● Task objective:
Below is a listing with pictures. Repeat exactly the lines starting at the one holding "OSA欧莎2014春装新款男装上衣修身男士休闲夹克外套 MW410007" and going on through the one holding "Homme d'affaires mature", and leave every picture out.

● Exercise material:
+++

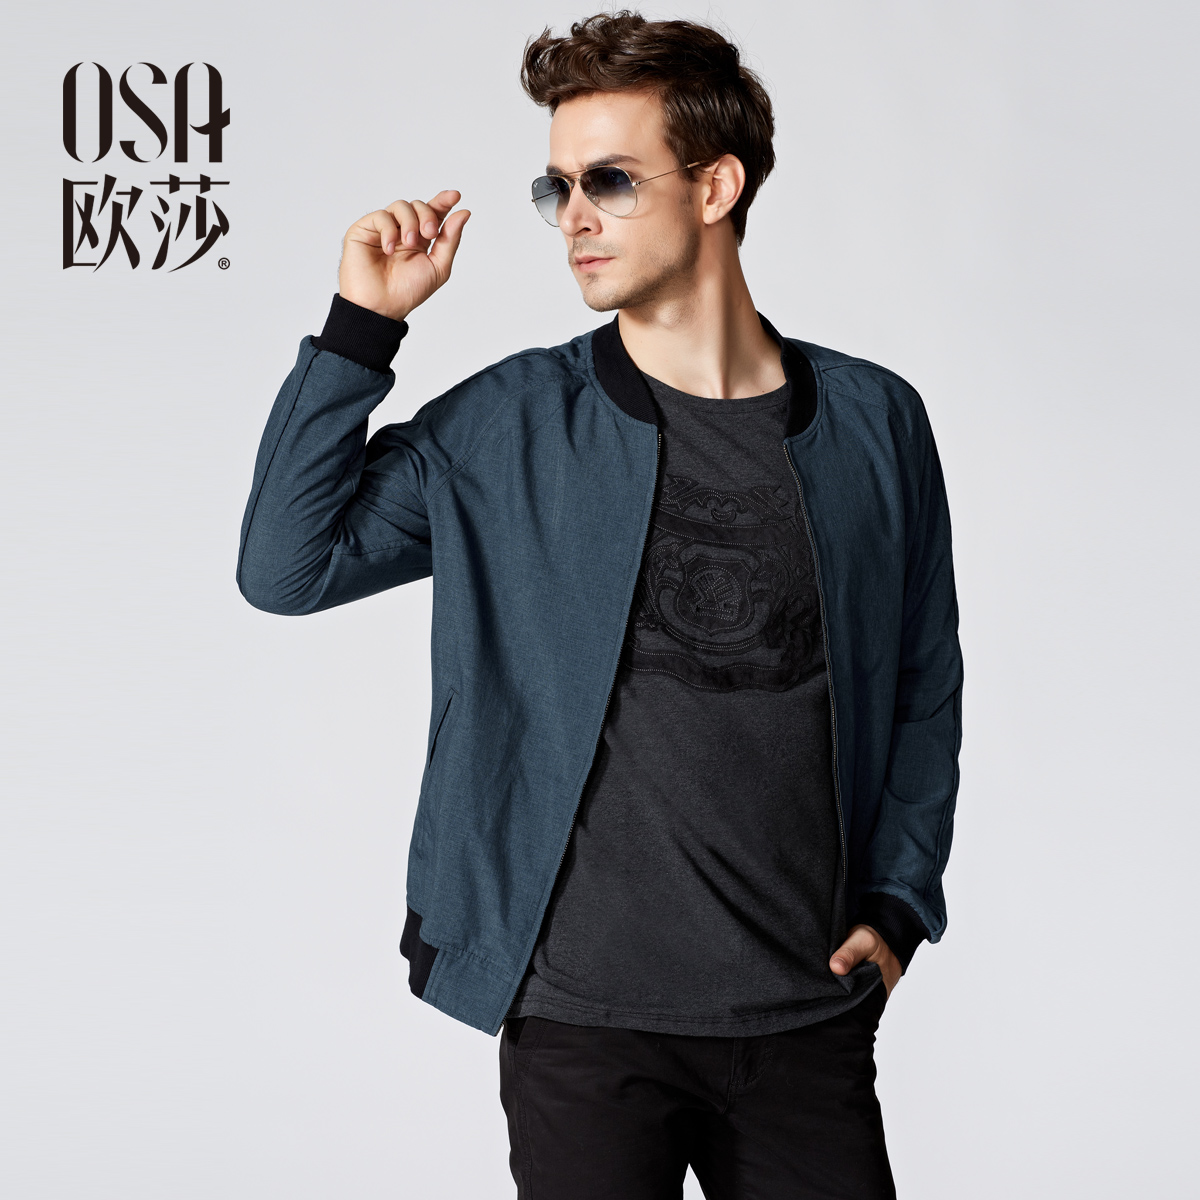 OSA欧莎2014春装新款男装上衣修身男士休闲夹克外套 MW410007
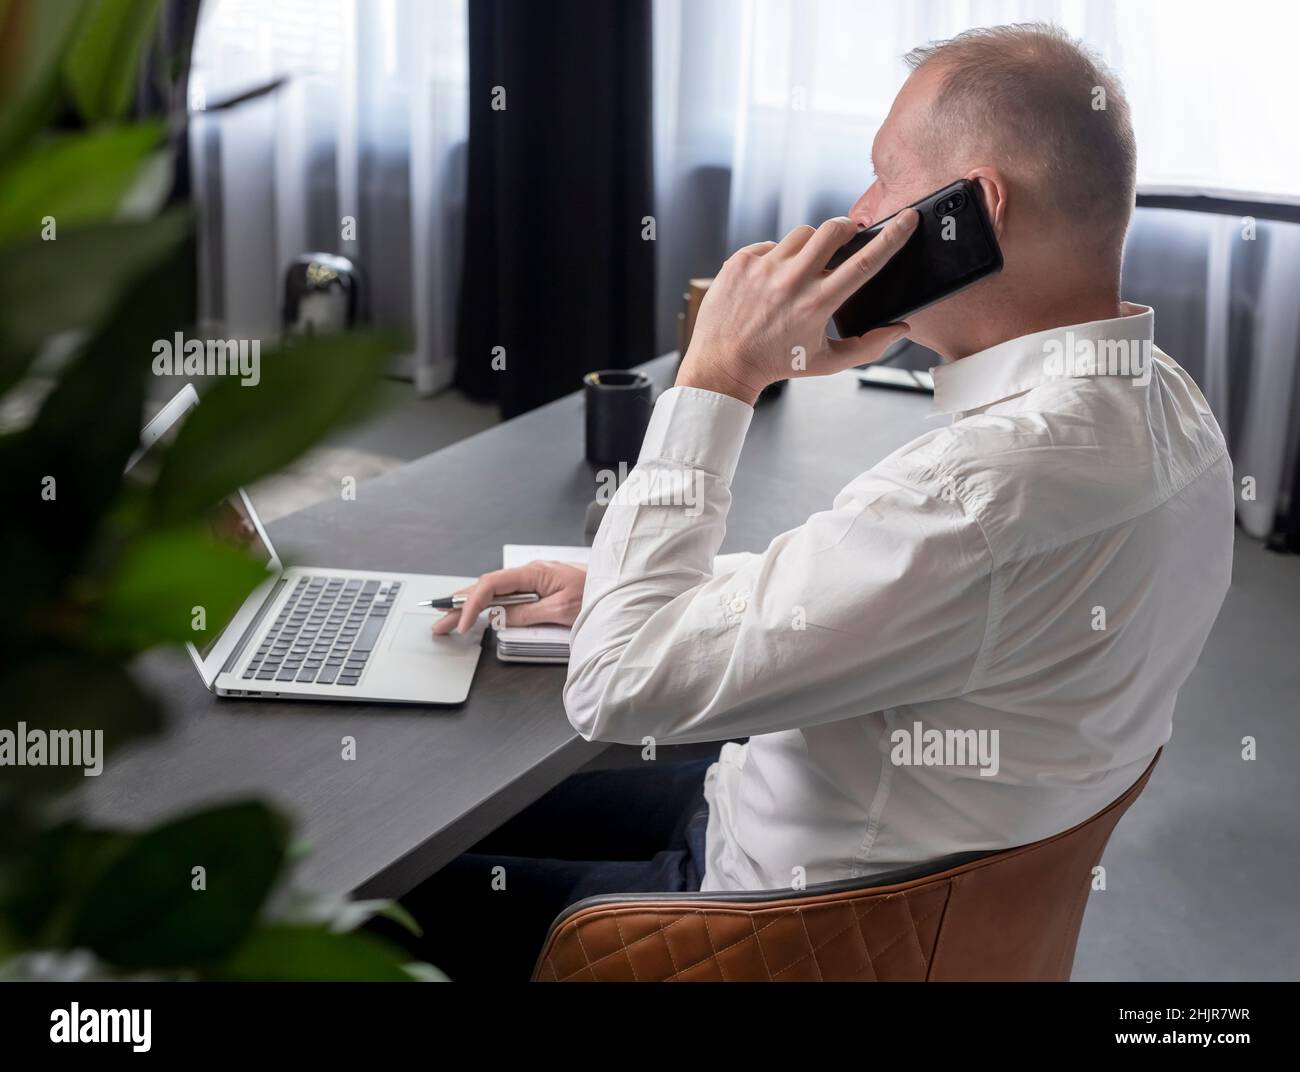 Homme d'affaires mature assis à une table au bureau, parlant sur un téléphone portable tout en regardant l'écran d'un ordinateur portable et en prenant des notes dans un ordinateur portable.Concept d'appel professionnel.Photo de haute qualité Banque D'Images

+++

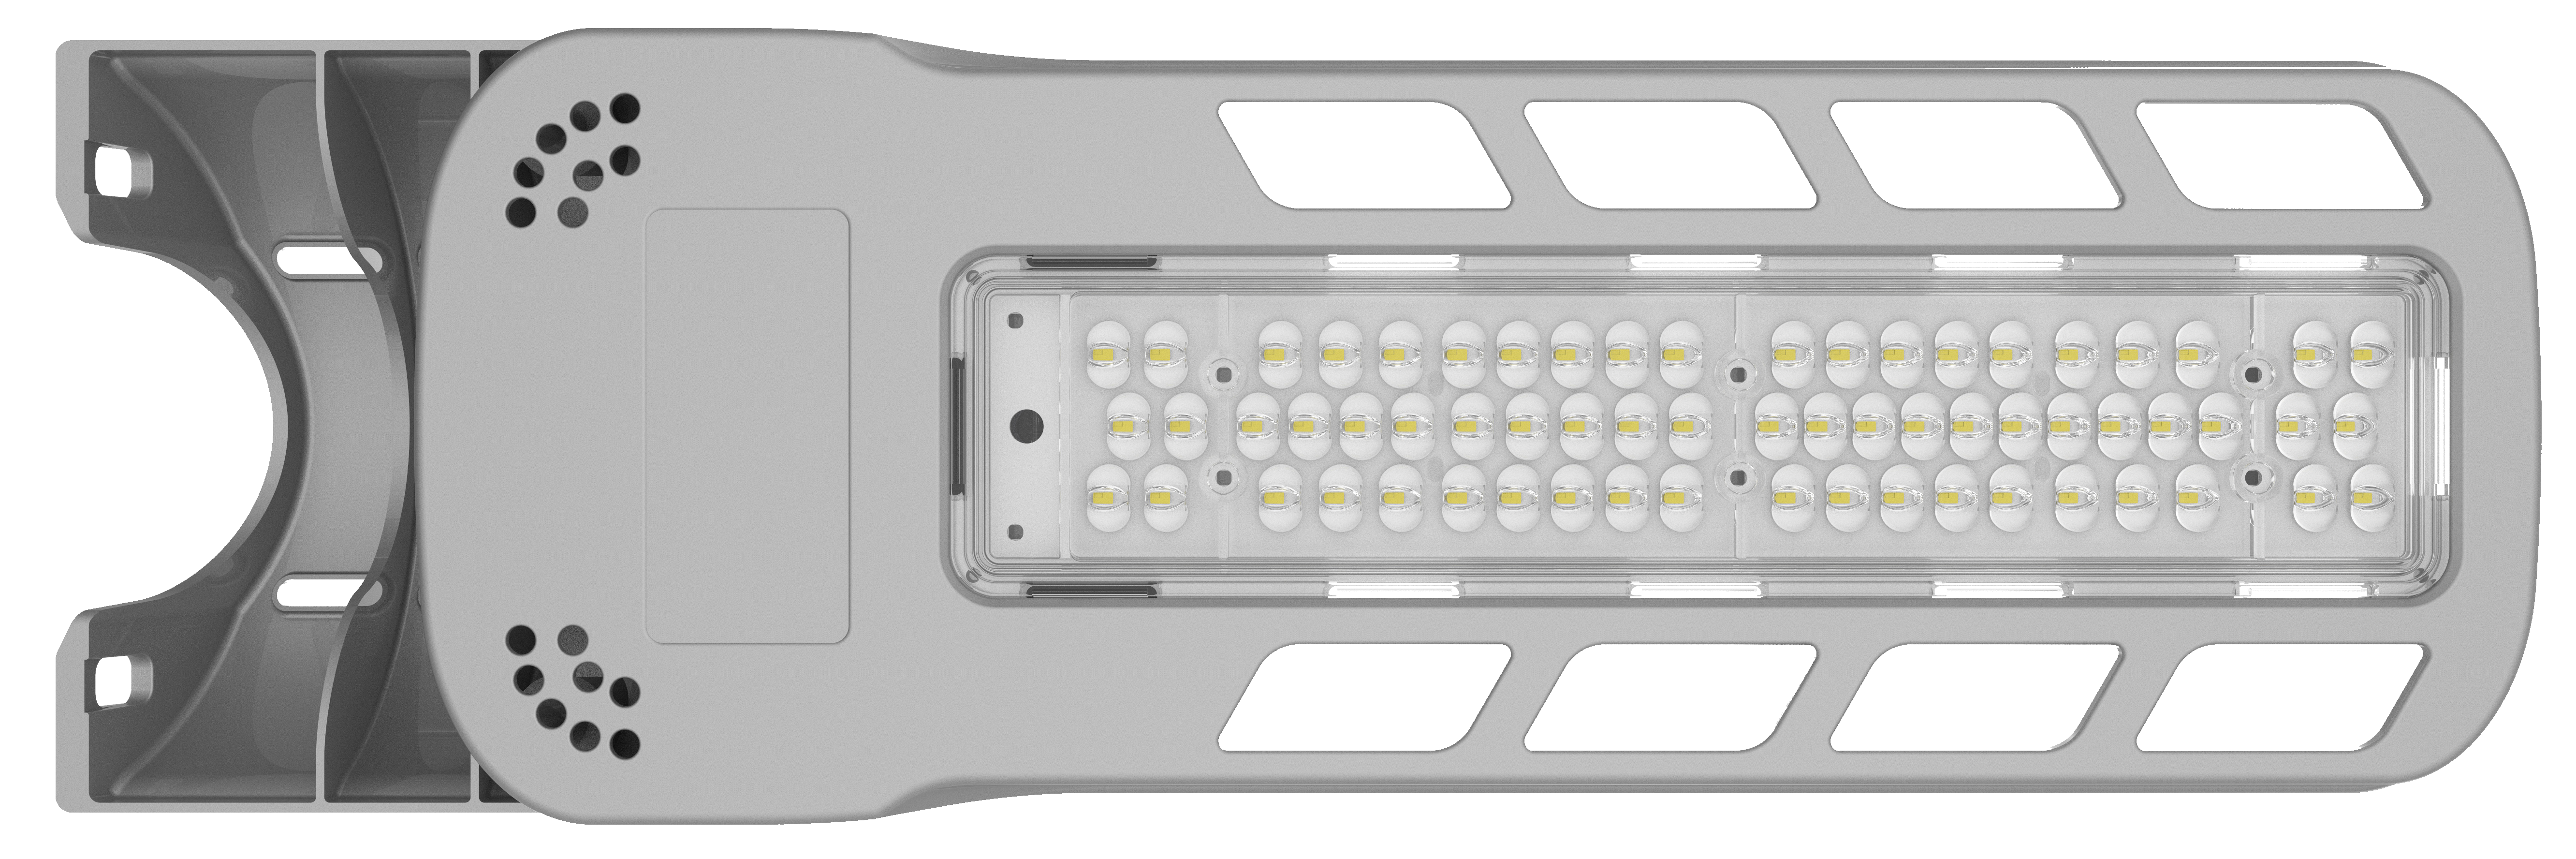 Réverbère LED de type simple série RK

+++

● Answer to the exercise:
 OSA欧莎2014春装新款男装上衣修身男士休闲夹克外套 MW410007
 Homme d'affaires mature assis à une table au bureau, parlant sur un téléphone portable tout en regardant l'écran d'un ordinateur portable et en prenant des notes dans un ordinateur portable.Concept d'appel professionnel.Photo de haute qualité Banque D'Images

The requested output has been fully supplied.